No pretendo hacer un llamado a la resignación. Tampoco estoy tratando de justificar hechos tramposos ni subestimando los problemas de nuestro sistema. Pero sí quiero hacer un llamado al realismo consciente: los sistemas de salud son inherentemente complejos y las soluciones son necesariamente imperfectas.

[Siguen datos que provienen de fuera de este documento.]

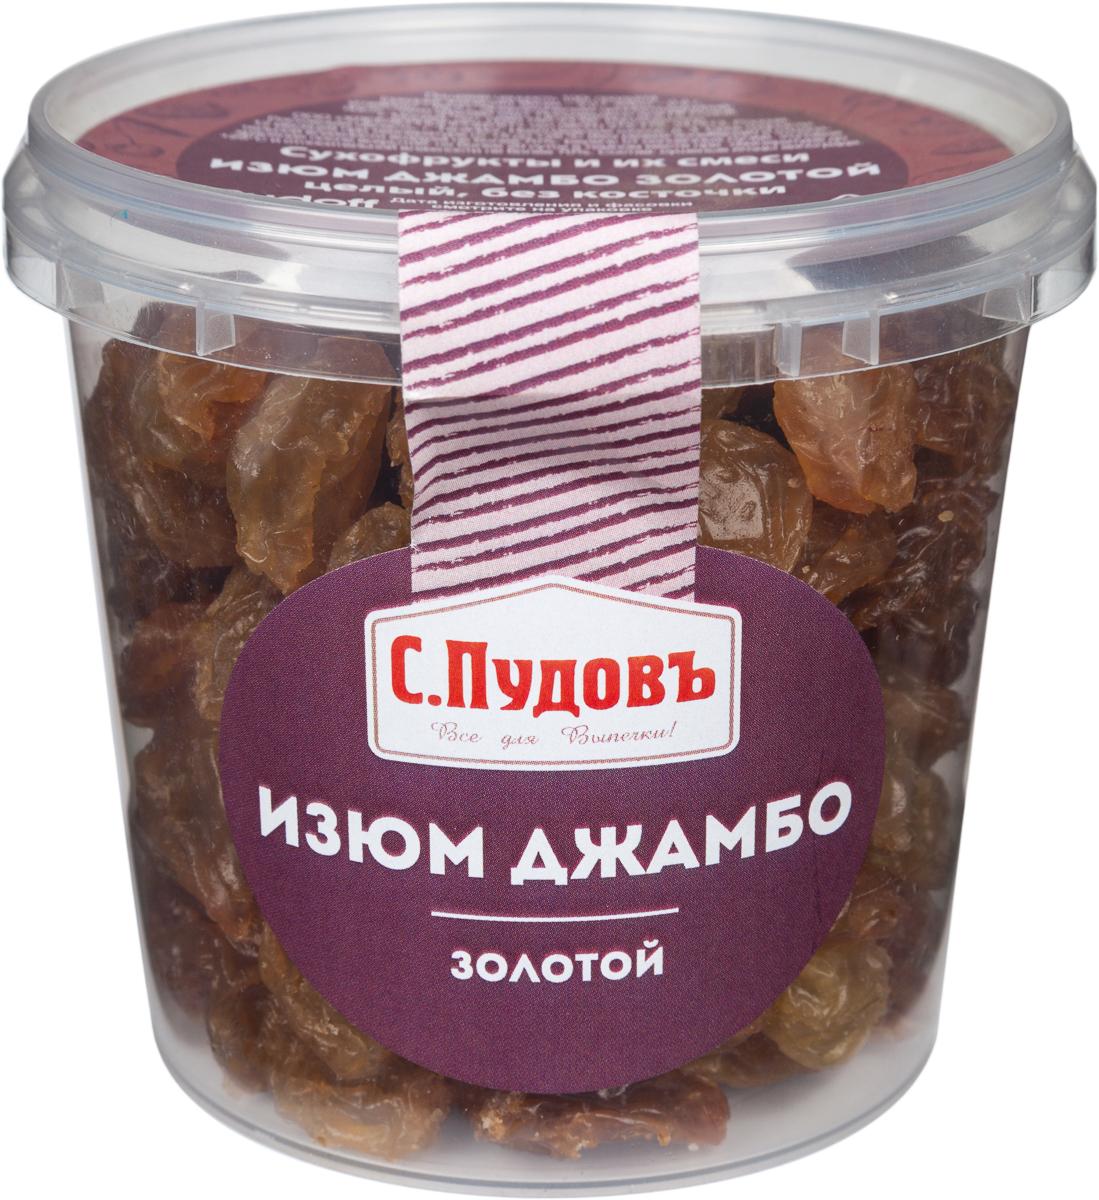 Пудовъ изюм Джамбо золотой, 190 г4607012297754Изюм Джамбо от торговой марки С. Пудовъ - это один из самых полезных сортов изюма. Подойдет не только для добавления в блюда, но и для их украшения. Изюм Джамбо обладает приятным уникальным вкусом.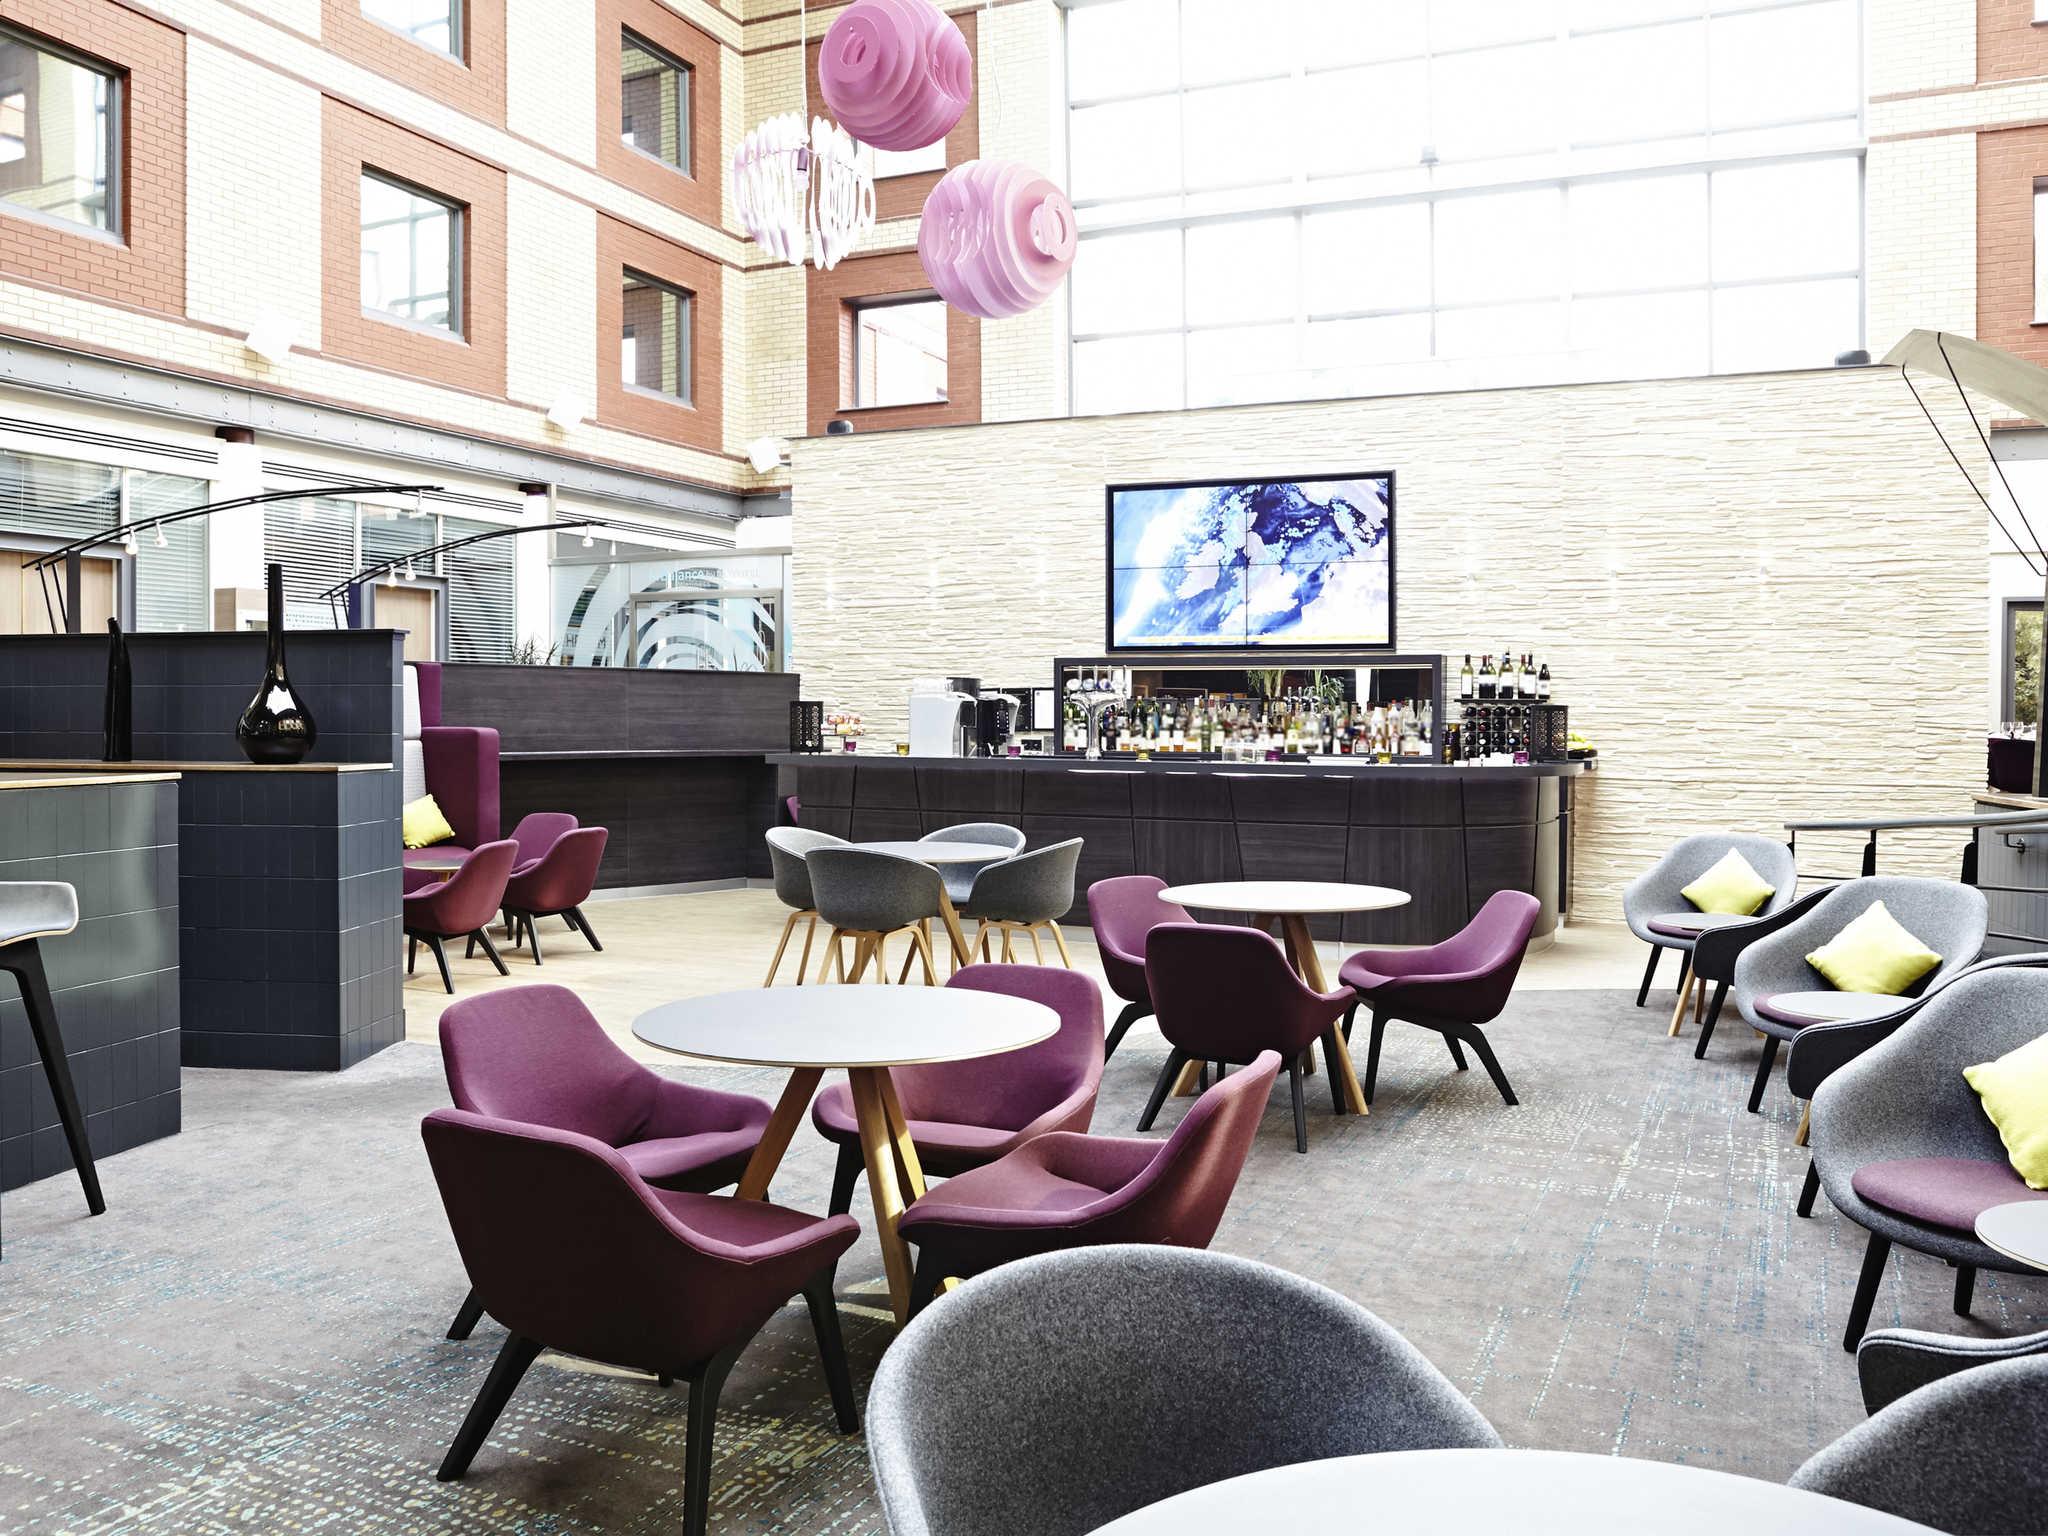 호텔 – Novotel London Heathrow Airport - M4 Jct 4

Quiero proponerles un ejemplo. En los sistemas públicos como el inglés, existen límites definidos centralizadamente sobre lo que se cubre y no se cubre. No todos los medicamentos están cubiertos, por ejemplo. En los sistemas de mercado como el estadounidense, no existen límites fijados por una autoridad central, pero los ciudadanos pagan una parte del cuidado médico de su propio bolsillo. En Colombia, pareciera que aspiráramos a un sistema como el inglés sin gasto de bolsillo y como el estadounidense sin límites de ningún tipo. Mi mensaje es simple: tenemos que superar esta contradicción y otras similares.
Complejidad filosófica
Quiero pasar ahora a mi tercer punto. La complejidad de los sistemas de salud no es solo administrativa, es también filosófica o valorativa. Involucra un choque de principios o derechos. Un dilema bioético. Un desafío democrático.Me explico con un ejemplo, con el problema de la presión tecnológica.
Los nuevos medicamentos contra el cáncer cuestan mucho, 800 o mil millones de pesos al año, y aportan relativamente poco, la sobrevida promedio es de apenas tres meses. ¿Deben ser pagados por los sistemas públicos de salud? Si la respuesta es sí, ¿cómo hacerlo sin llevarlos a la quiebra? Si la respuesta es no, ¿cómo hacerlo sin afectar los derechos fundamentales? Al fin y al cabo estamos hablando de vidas humanas, de una ponderación compleja entre los derechos individuales y los colectivos, entre la vida de un paciente y los recursos para la atención de todos los demás.
Buena parte de los problemas financieros de nuestro sistema de salud viene de allí, de nuestra incapacidad colectiva de enfrentar decididamente este dilema democrático y bioético. El control de precios por sí solo no resuelve el problema. Las medidas más audaces que comprometen la propiedad intelectual son resistidas y combatidas de muchas maneras. Lo digo por experiencia propia.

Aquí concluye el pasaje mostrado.